05 December 2011

War on Christmas, Part I: X-mas

N.B.: What follows below is a post from the archives, edited slightly and updated:

At some point this month you’re bound to hear the complaint that people have introduced the use of “X-mas” in place of “Christmas” as a way to take Christ out of Christmas. Although there may be a few people who use X-mas in this fashion, the origin of its use means quite the opposite.
We find in early Christian art the use of a monogram (called, creatively, the Chi-Rho) for Jesus Christ comprised of the Greek letters chi and rho, the first two letters of the title “Christos” (in Greek, ΧΡΙΣΤΟΣ). It just so happens that the Greek rho resembles the Latin letter “P” and the Greek chi resembles the Latin letter “X”.

An ancient Christian sarcophagus with the Chi-Rho,
the monogram for Christ.
After the Emperor Constantine I’s Battle at the Milvian Bridge where he saw this sign, the monogram for Christ, above the sun with the words “In this sign you will conquer,” the use of the monogram became customary. It is found on coins, in Bibles, on tombs and in general works of art.

The early Church historian Eusebius describes the monogram as “the symbol of the Savior's name, two letters indicating the name of Christ by means of its initial characters, the letter P being intersected by X in its center” (Life of Constantine 1.31). The early Christians, then, abbreviated the name of Christ by placing what looks to us as a “P” intersecting an “X” (vellum wasn't cheap and it was cost effective to save space; carving wasn't a simple affair either).

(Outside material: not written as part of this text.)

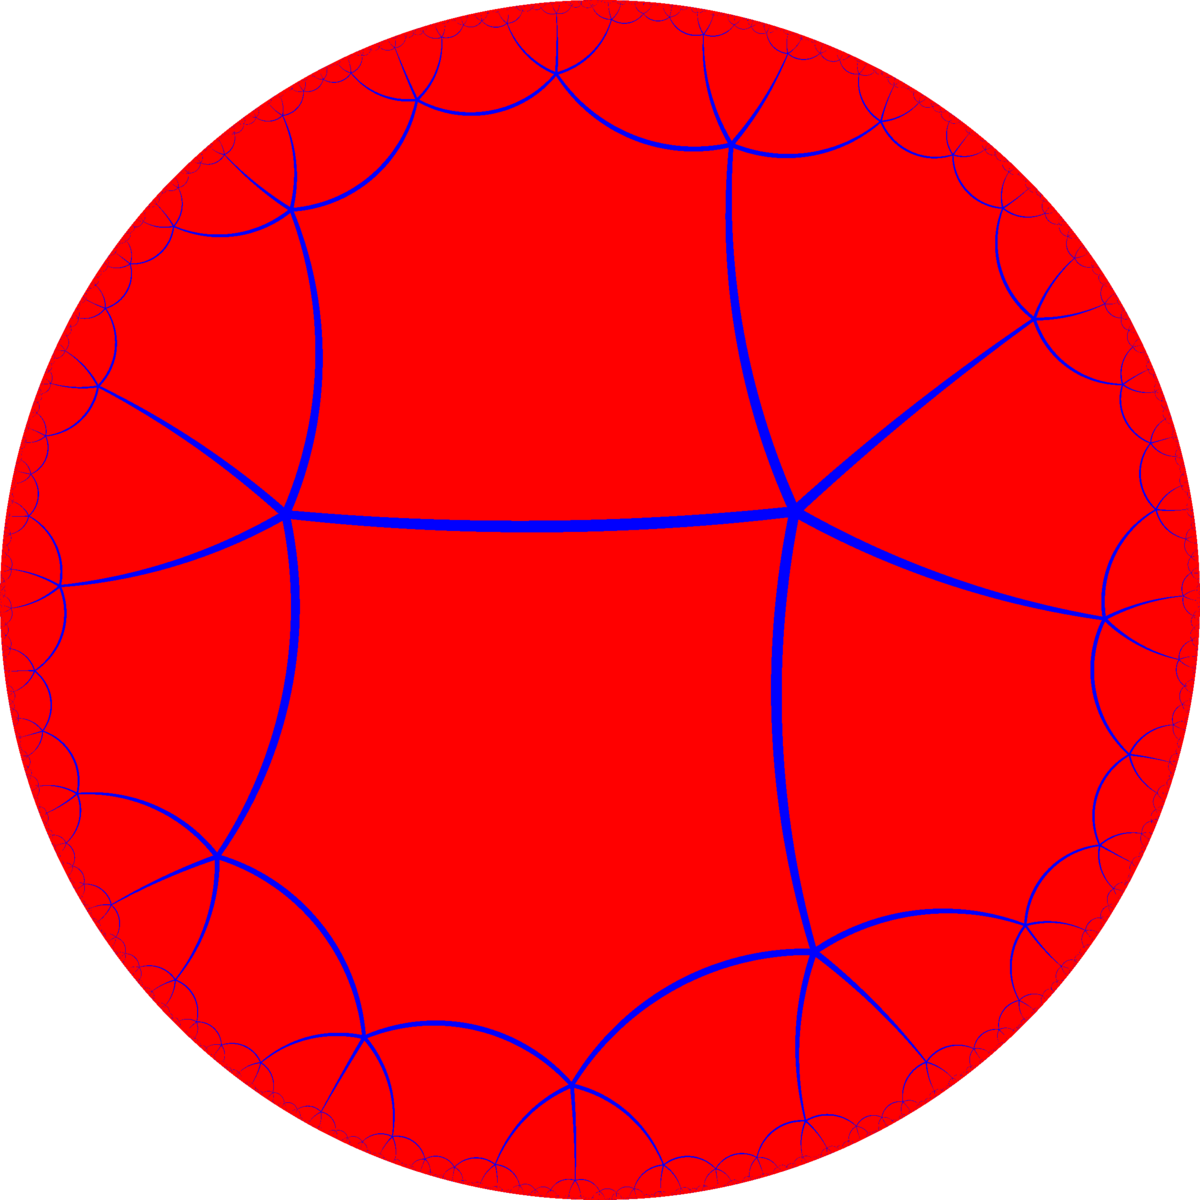 Order-5 Hexagonal Tiling

Sometime afterwards it became customary to abbreviate the name of Christ in this way not only in artwork but also in writing (as one who does so on the black, green or white board, too, it is easier, and more fun). This abbreviated monogram worked well enough until the advent of the printing press and, more recently, of the common keyboard found on typewriters and computers. Have you ever found a keyboard that can type a P directly over an X in such a way as to intersect it? Neither have I.

Consequently, it became customary to abbreviate the name of Christ simply with the first letter of his name, the Greek letter chi: X. Hence, X-mas is the abbreviation of Christmas, which itself is an abbreviation of sorts for “the Mass of Christ,” much like “Candlemas” is the abbreviation of “The Mass of Candles” and “Michaelmas” is the abbreviation of the “Mass of St. Michael.”

So, the next time somebody tells you that “X-mas” is one of many attacks on Christmas you might fill them in on the truth of the story. Then you might tell them that very name of this most treasured of days comes from the Catholic Church and invite them to join you for the true “Christmas:” Mass in honor of the Nativity of Our Lord Jesus Christ.

The monogram on the altar
of St. Anthony of Padua church, Effingham, Illinois
Doing so, it seems to me, could be an effective to gain a little ground in the culture war of the day.